1) Take the pension offered by GM (Aprox $3400 per month bridged (ie once i start collecting old canada pension, etc my pension payout gets less so i will always make $3400 and will never take home more)

2) Take the commuted value of the pension ($737,000) to invest myself or through a financial advisor.

3) Transfer the commuted value to a copy cat annuity via a bank or insurance agency (some offering $10,000 cash back)

My thought process... (and struggles to decide)

-I am unsure of the long term stability of GM, thus impacting my pension.
-I believe the market is way over inflated and that the economy as a whole is due for a sizable downturn. (ie I would hate to have my money newly invested only to see it drop 30% or more and then have to rebuild.)
-Transfer the value of my pension to a annuity of say dejardins (who is offering the best rates atm)

Neither my pension nor a annuity would be indexed to inflation and that concerns me greatly. 

I am going to sell my house and either rent or downsize (my house will net as much as my pension) 

So I am asking for advice on what the best path forward for me would be... What would you do and why? How would you protect your money from inflation, a stock market crash or just play it safe and take the annuity/pension and invest the proceeds of the house? (what form and ratio would your investments take?)

thanks


----------



## cainvest (May 1, 2013)

So you're sitting on about $1.6M after house sale. What amount of $ do you plan (or at least need) to live on each year?


----------



## agent99 (Sep 11, 2013)

Sounds like you will have more than enough for your retirement.

I haven't given your choices much thought, but have a question. Do you feel you know enough to do your own investing? If not, finding a reliable company to manage your nest egg may be important.


----------



## skyhi (Sep 4, 2021)

i would end up with about 1.2 million after my house sale after taxes... I would need like 700 per week indexed to inflation.

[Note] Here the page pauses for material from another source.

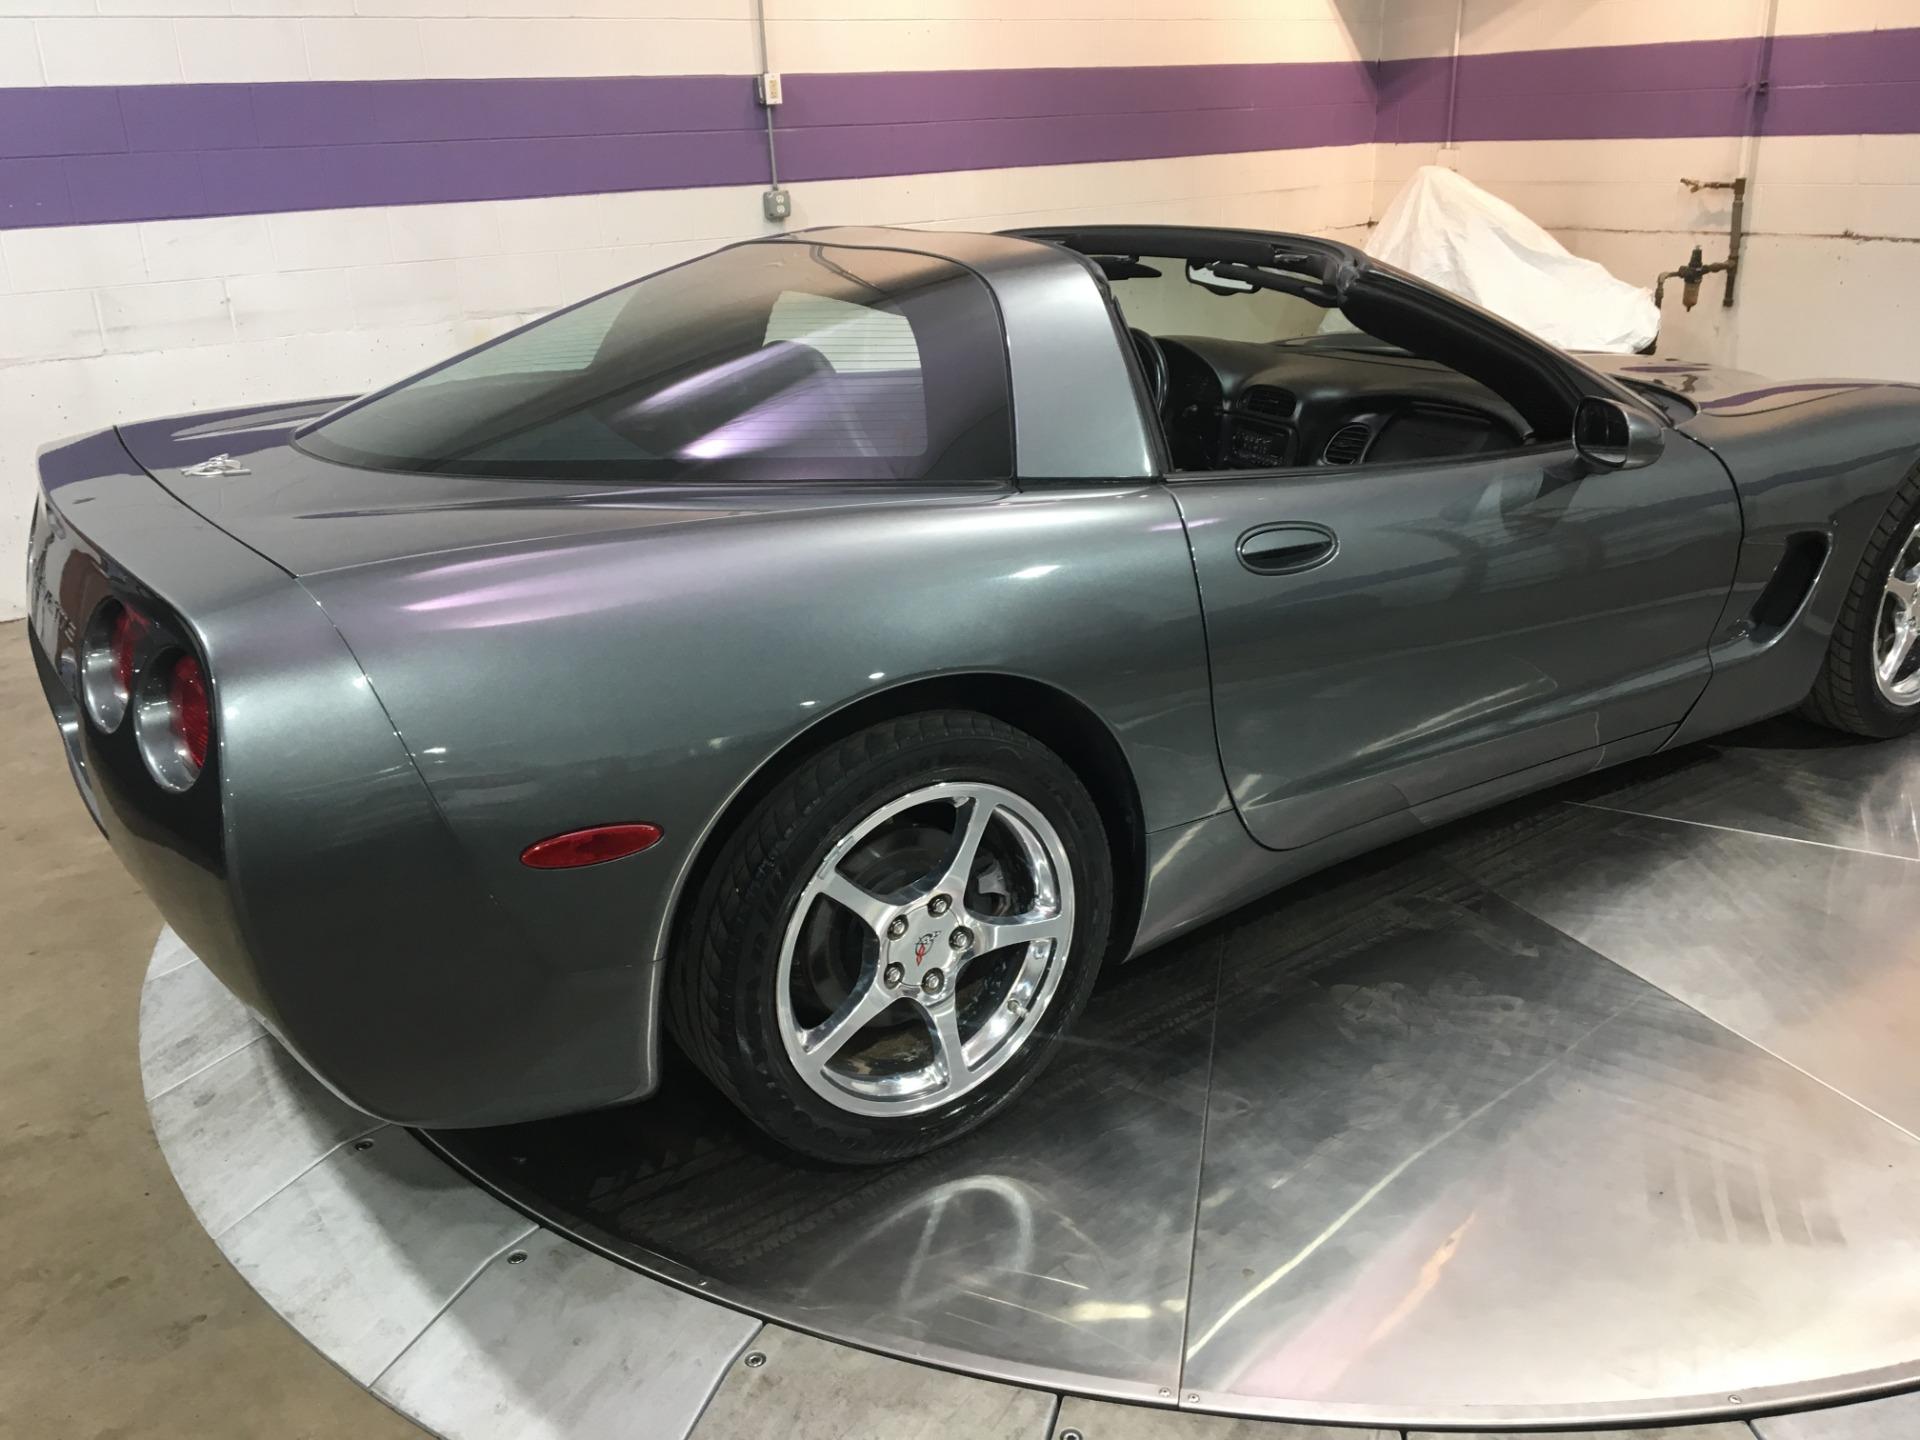 Corvette For Sale Near Me >> 2003 Chevrolet Corvette 50th Anniversary Manual Stock ...

I have some investing experience, but I am always learning and wondering what is better (reading more every day) that being said the stock market scares me atm as it is so over valued with printed money, how does one protect from losing too much if there is a crash this year?


----------



## cainvest (May 1, 2013)

skyhi said:


> i would end up with about 1.2 million after my house sale after taxes... I would need like 700 per week indexed to inflation.

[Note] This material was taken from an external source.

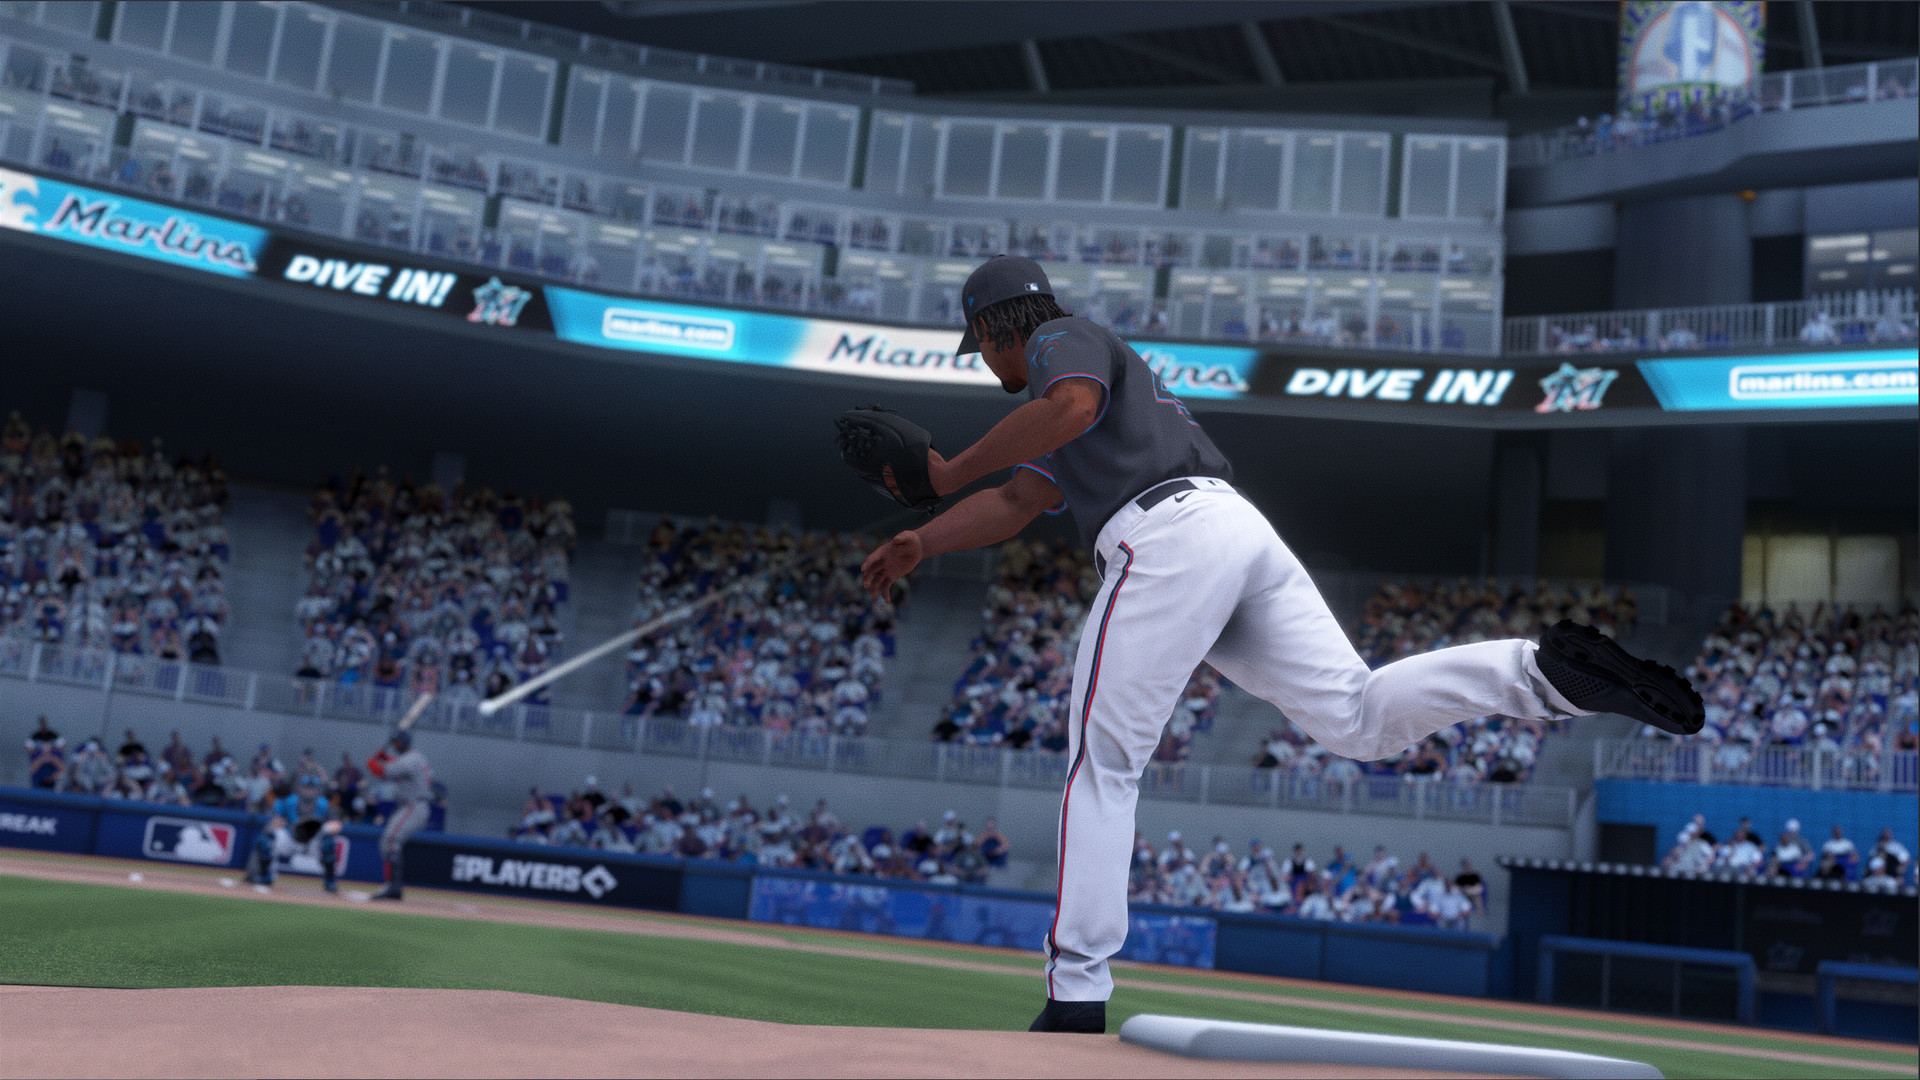 rbi-baseball-21-pc-screenshot-2

So a quick rough calc with 1.2M starting at 37k a year (assuming half max CPP, full OAS taken at 65) your money alone (with a simple 1% return) would last you until you are 90. Of course a more detailed tax picture and/or list of other expenses would be needed for a better estimate.


----------



## ian (Jun 18, 2016)

From a purely financial perspective this is definitely the time to consider a commuted value. Interest rates are at their lowest, hence commuted values are at their highest. Much higher than they would be if short, medium and long term rates were a few percentages higher. This is not a recommendation that you take or not take the commuted value rather a statement of where the numbers fall at the current time.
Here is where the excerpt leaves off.